# Buying GPU from Us(amazon.com) vs buying it locally



## max.4u (May 19, 2016)

Thinking of purchasing Gtx 1080 when released. was checking pricing options avaliable .. 

for current card ex 980 TI, same variants across multiple sites

*1. Amazon.com *
Amazon.com: ASUS GeForce 6GB 384-Bit GDDR5 Graphics Cards STRIX-GTX980TI-DC3-6GD5-GAMING: Computers &amp; Accessorie

*Price*
Order Summary
Items:	                $659.99
Shipping & handling:	$18.00
Total before tax:	        $677.99
Estimated Tax:     	$0.00
*Import Fees Deposit	$117.29*
*Order total:	        $795.28 = Rs. 53725.14*


*2. Amazon.in*
Amazon.in: Buy Asus Geforce GTX980Ti Strix Gaming Edition (6GB GDDR5, Direct CU III, GPU Boost : 1075 MHz &amp; Base : 1000 MHz) Online at Low Prices in India | Asus Reviews &amp; Rating
*Rs. 66,299.00*

*3. Primeabgb*
Buy Online Graphic Cards (GPU) | Graphic Cards (GPU) Price in India | Graphic Cards (GPU) Online Pirc
*Rs.64,647*


I had enquired with Amazon.com about customs, the ensured it will be cleared 100%. 
There is a price difference of about 13k. 
do you see any reason still not to import it from US and buy it locally, apart from waiting times and warrenty?


----------



## nac (May 19, 2016)

If warranty is no issues, then you can go ahead and buy from US...


----------



## vedula.k95 (May 21, 2016)

nac said:


> If warranty is no issues, then you can go ahead and buy from US...

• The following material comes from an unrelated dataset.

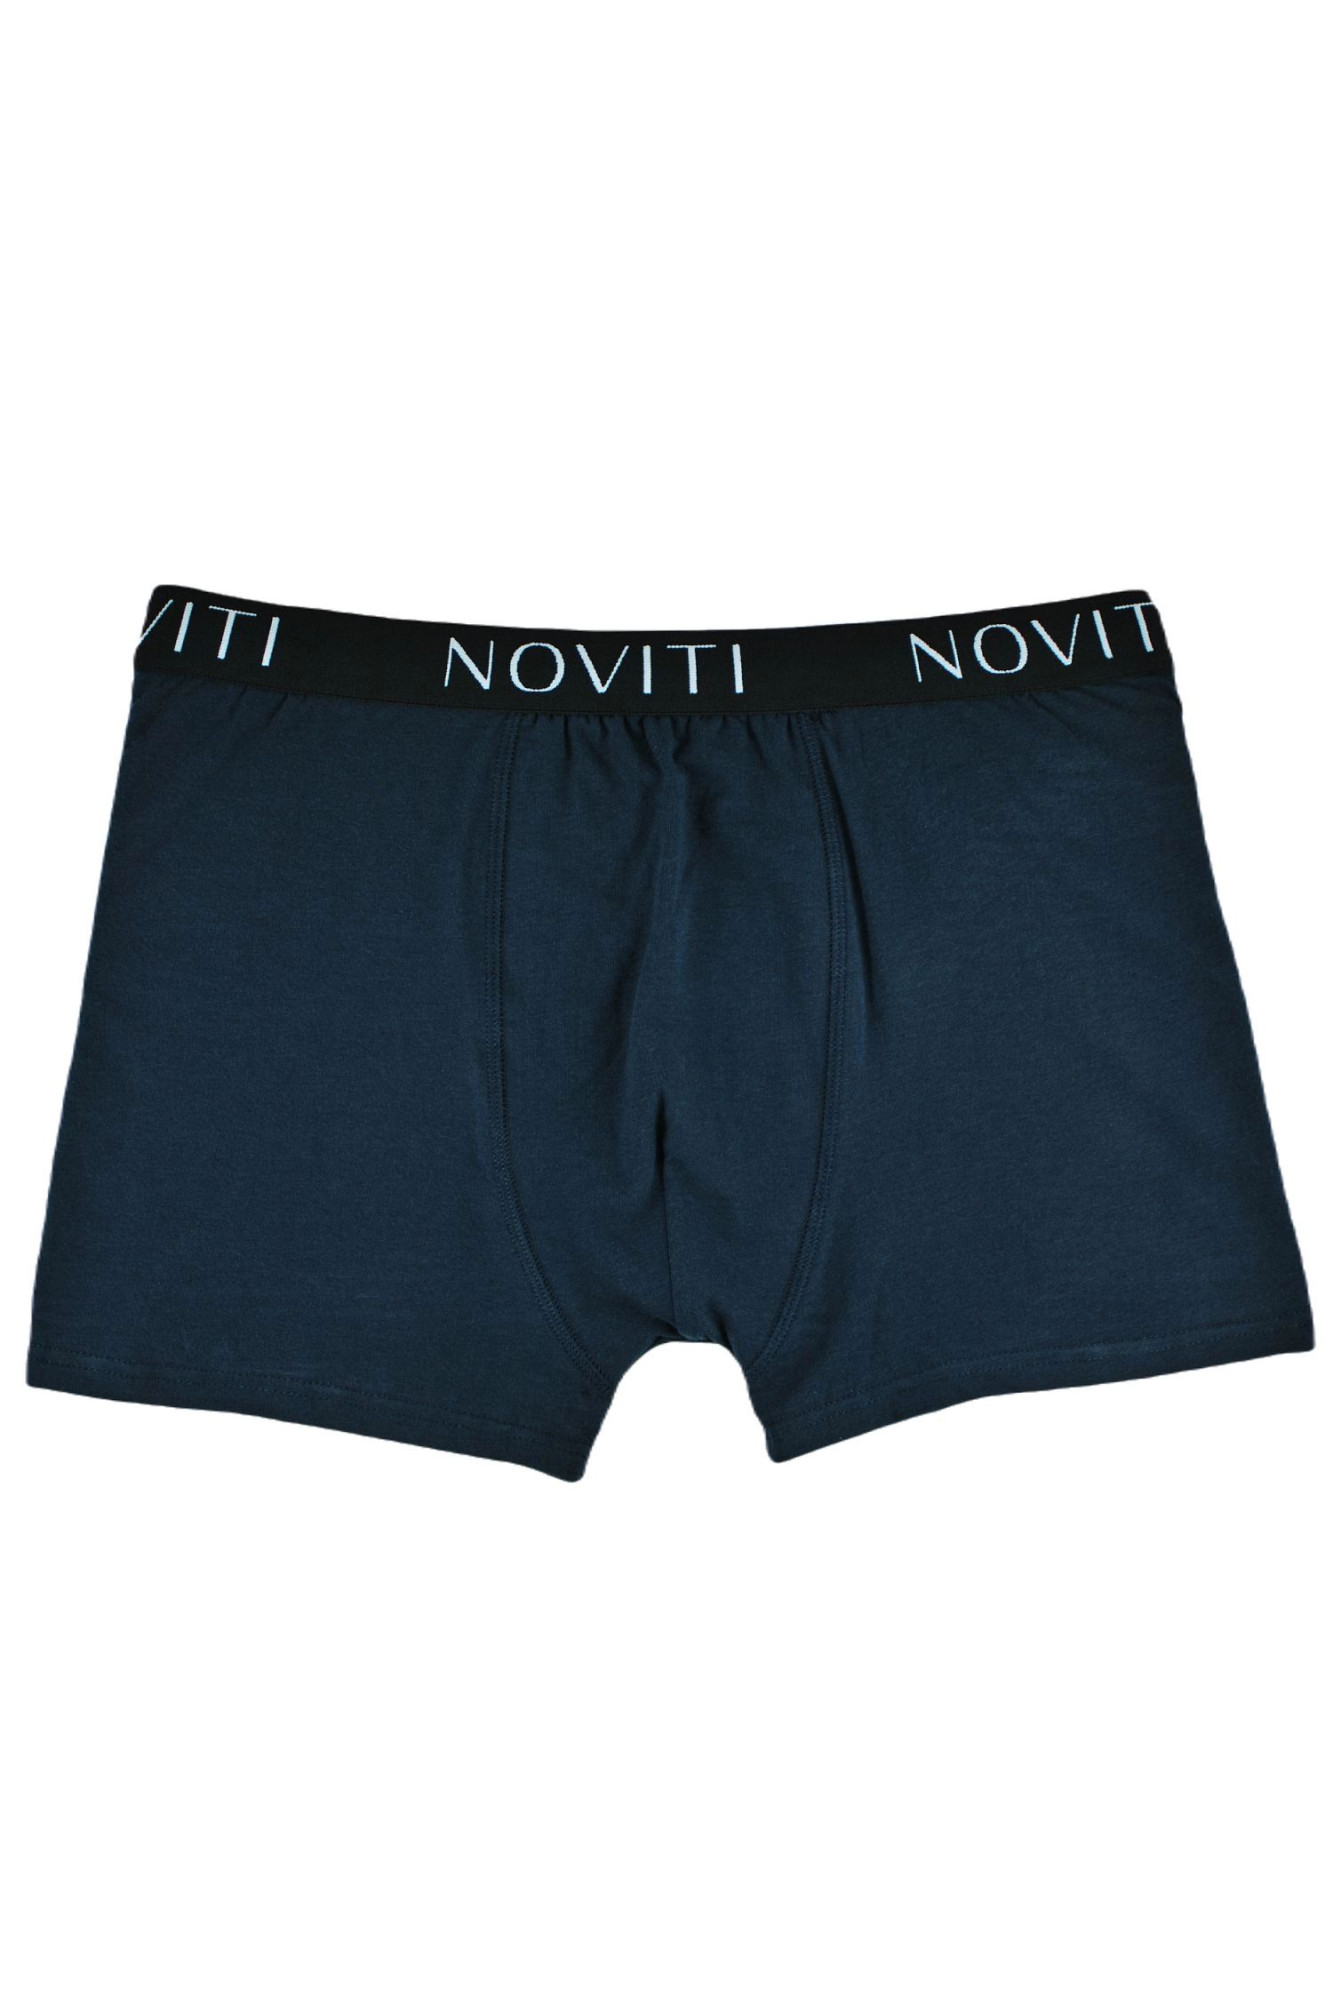 Pánské boxerky 004 03 - NOVITI tmavě modrá XL

warranty doesn't apply if I bought from other country?


----------



## warfreak (May 22, 2016)

Wait for the 1080 release and watch prices further reduced for 980ti. Or better yet, get the 1080 founders edition.


----------



## chimera201 (May 22, 2016)

Try doing the math for GTX 970. GTX 980 Ti is too overpriced in India.


----------



## sam_738844 (May 23, 2016)

vedula.k95 said:


> warranty doesn't apply if I bought from other country?



@OP  check this.. Which brand carries global warranty besides Evga

a few support center page visit or calls might help you.


----------